Le testament contient des dispositions contraires aux souhaits du défunt, l’acte effectué comporte des ratures, la date de rédaction du testament correspond étonnement au jour de sortie de l’hôpital de la personne vulnérable, le défunt vous avait promis depuis des années qu’un bien vous reviendrait alors qu’il est finalement légué à un cousin éloigné ou encore à un neveu, un des voisins du défunt a été gratifié par des bijoux, le testateur a fait une erreur sur les prénoms …
Tous ces éléments factuels conduisent à vous faire douter de la régularité d’un tel testament. Vous vous interrogez à cet égard sur les arguments juridiques pouvant remettre en cause l’acte en question. En effet, les juges ont considéré que les « corrections grossières d'orthographe chez un homme cultivé » dénotaient un affaiblissement de ses facultés mentales tandis que la répétition inconsciente de lettres et de syllabes constituait une manifestation de sénilité (En ce sens Cass. 1re civ, 17 janv. 1961).
De plus, les magistrats ont jugé que l'incohérence du contenu d'un testament ou le caractère déraisonnable de l'acte lui-même constituaient des éléments révélateurs de l'absence de lucidité ou de l'insanité d'esprit du disposant (CA Paris, 1re ch. B, 20 févr. 1987).
En tant qu’héritier réservataire, vous disposez d’une part légale vous revenant obligatoirement dans le patrimoine du défunt, il s’agit de la réserve héréditaire, celle-ci répond à deux objectifs : maintenir l’égalité entre les héritiers et protéger la famille contre des tiers qui auraient bénéficié de libéralités excessives.
En effet, très tôt, la 1ère chambre civile de la Cour de cassation a dans un arrêt du 17 décembre 1968 considéré que « L’héritier d’un réservataire peut demander, du chef de son auteur, la réduction d’une libéralité excessive, aussi bien lorsqu’elle a été faite à cause de mort, que lorsqu’elle l’a été entre vifs, seule hypothèse expressément prévue par l’article 921 ».
En nommant un tiers à la famille légataire universel, le testament litigieux, ne saurait trouver application du fait de l’atteinte évidente à la réserve héréditaire. En pareille situation, vous pouvez demander l’annulation du testament ainsi que la réduction du legs.

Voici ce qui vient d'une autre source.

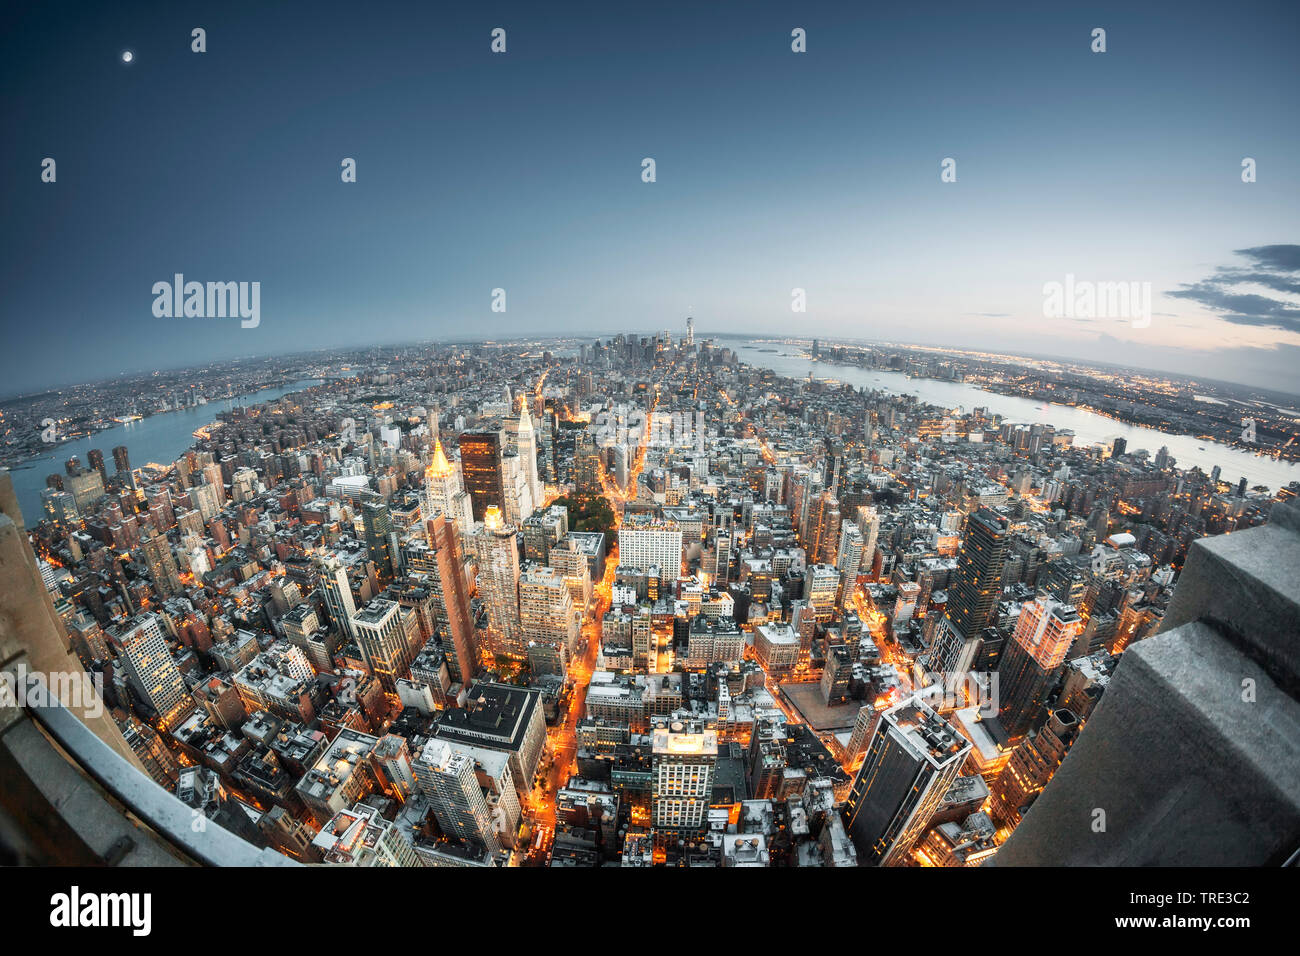 Wolkenkratzer New Yorks, fotografiert mit Fischaugen-Objektiv, USA, New York City   skyscaper of New York, siheye view, USA, New York City   BLWS51623 - Stock Image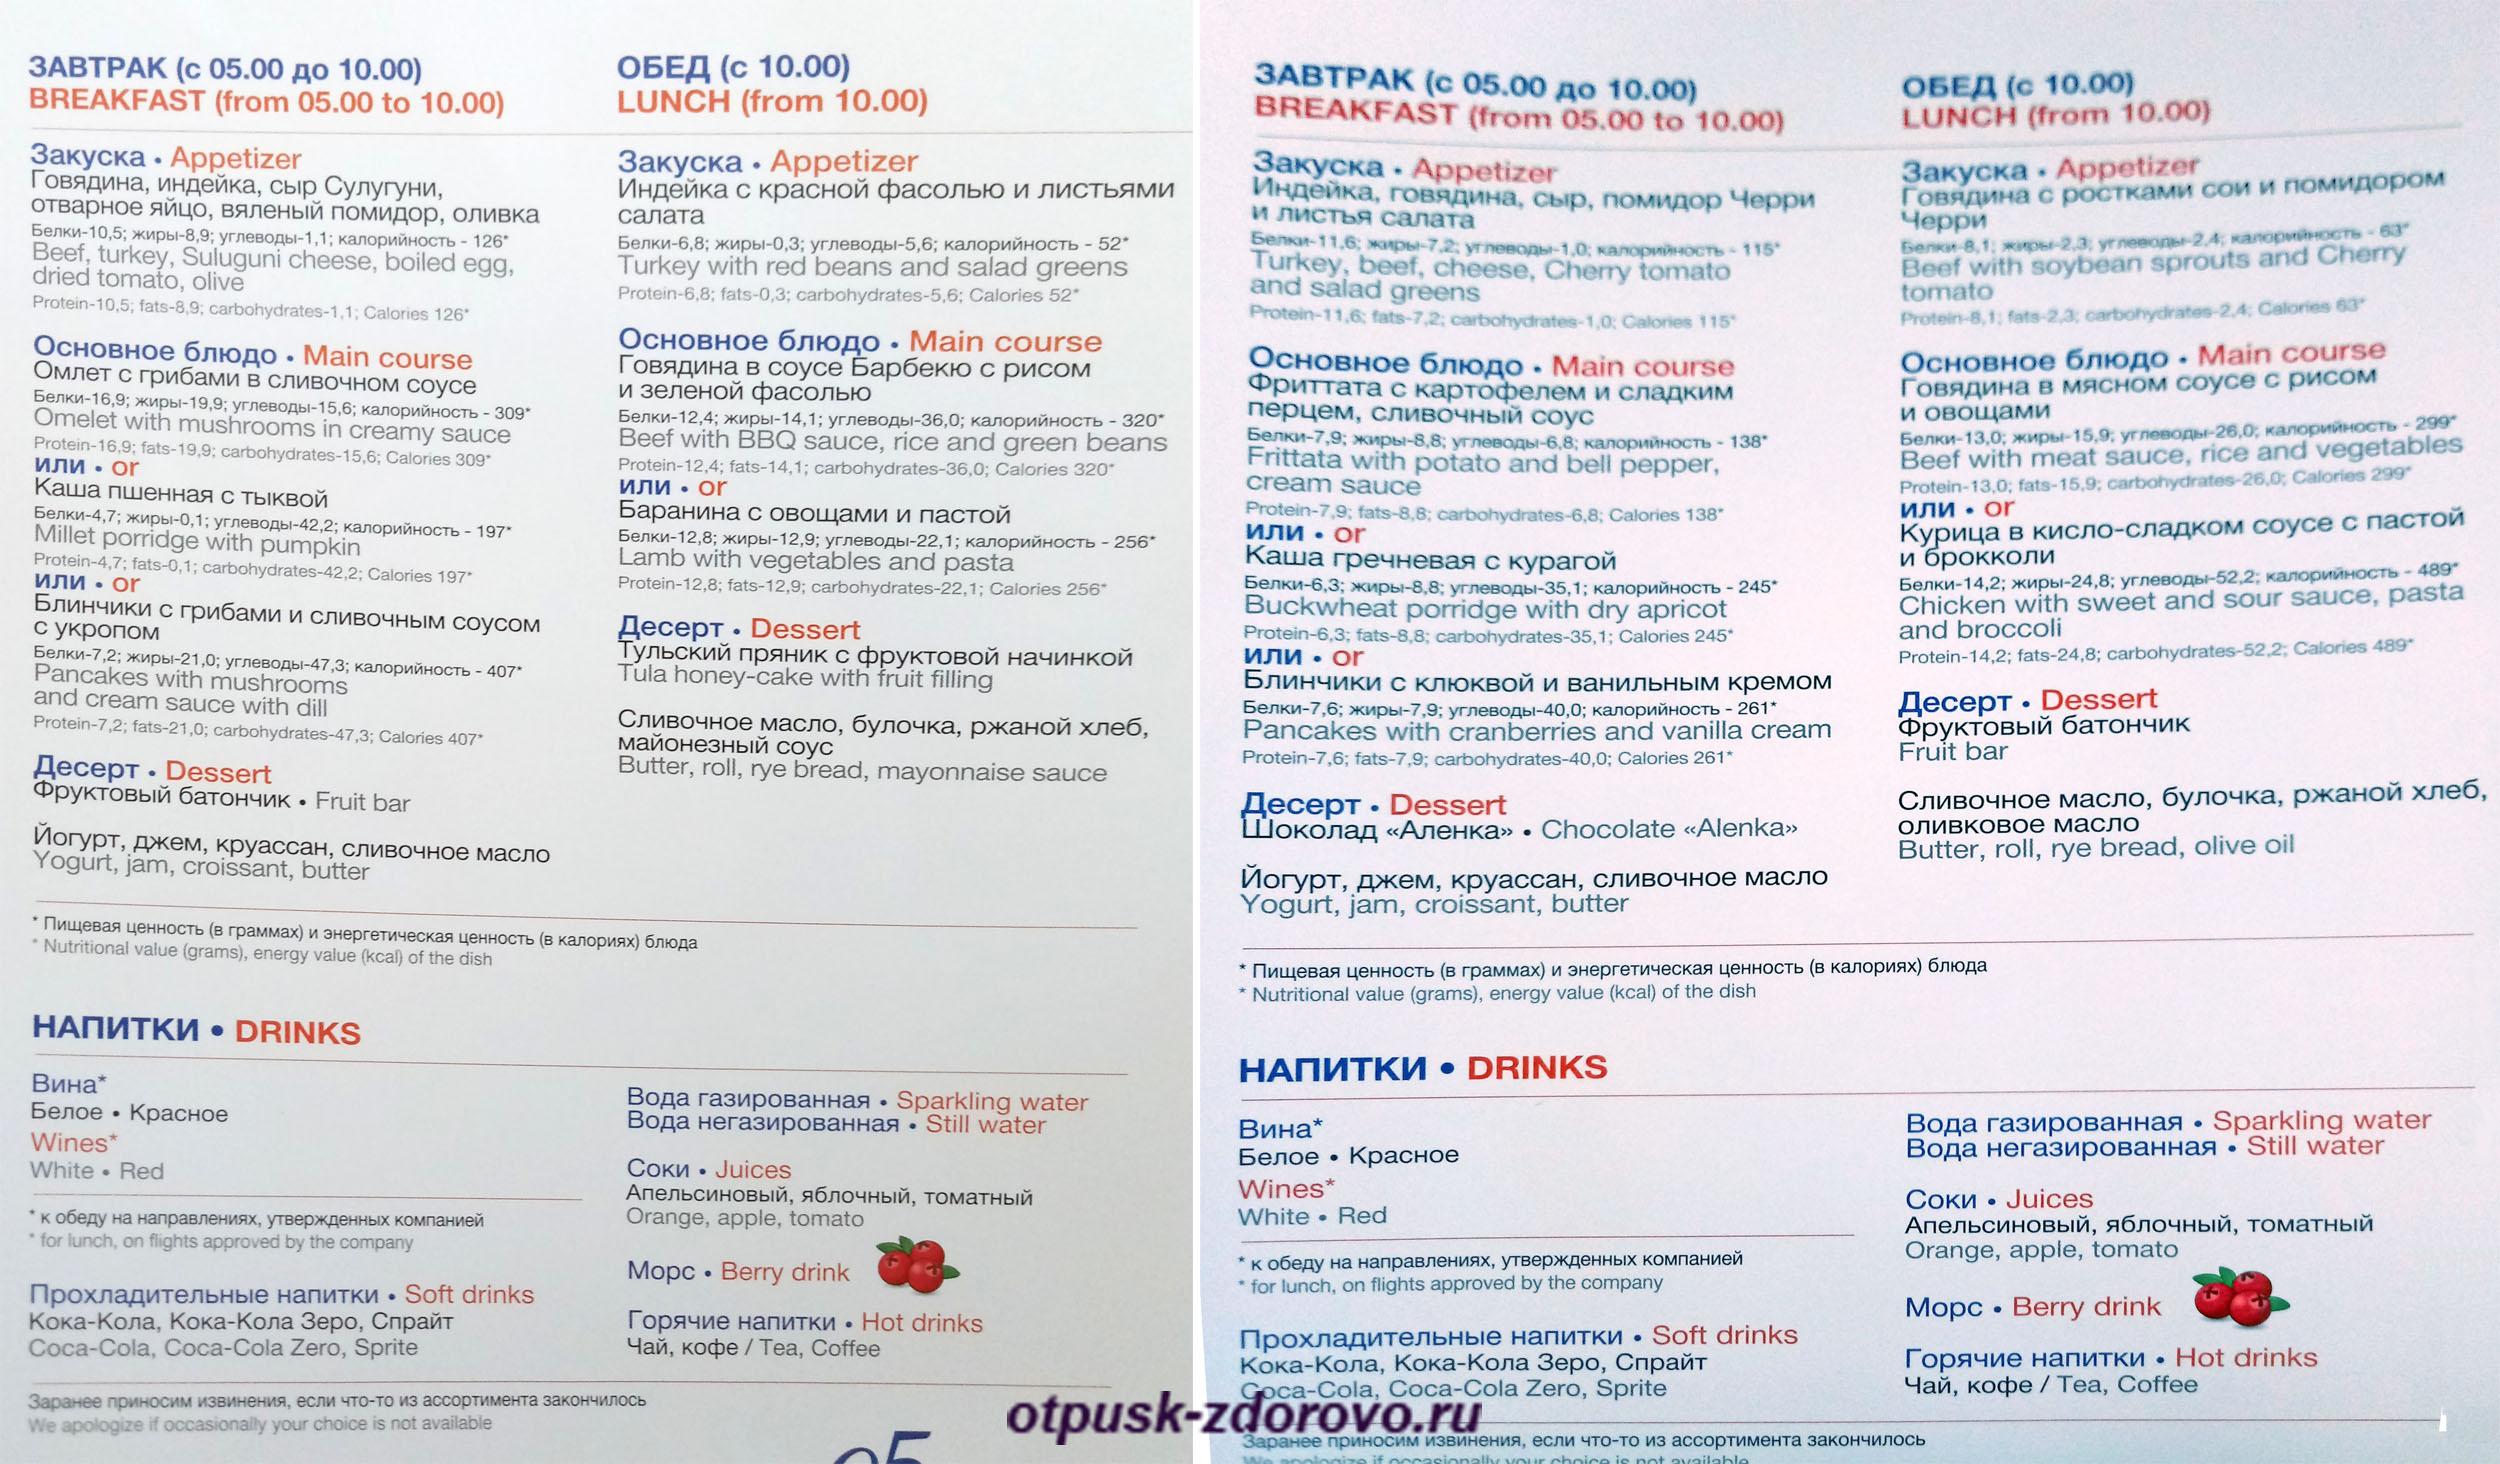 Стандартное питание на борту Аэрофлота, предлагаемое меню

Vous devrez à cet égard rassembler la preuve de l’insanité d’esprit. Il convient de préciser que l’insanité d’esprit est fréquemment définie par les tribunaux comme étant « toutes les variétés d’affections mentales par l’effet desquelles l’intelligence du disposant a été obnubilée ou sa faculté de discernement déréglée » (Cass. civ 1ère, 25 mai 1987 ; CA Paris 17 avril 2008). En d’autres termes, si le testateur ne dispose pas d’un discernement et d’une volonté suffisante ou s’il est privé de toute lucidité au moment de la rédaction du testament, celui-ci pourra être annulé sur ce fondement juridique.
À titre informatif, il convient de préciser que les héritiers réservataires pourront intenter deux actions dans une même procédure, l’action en contestation du testament pour insanité d’esprit au principal et au deuxième plan l’action en réduction.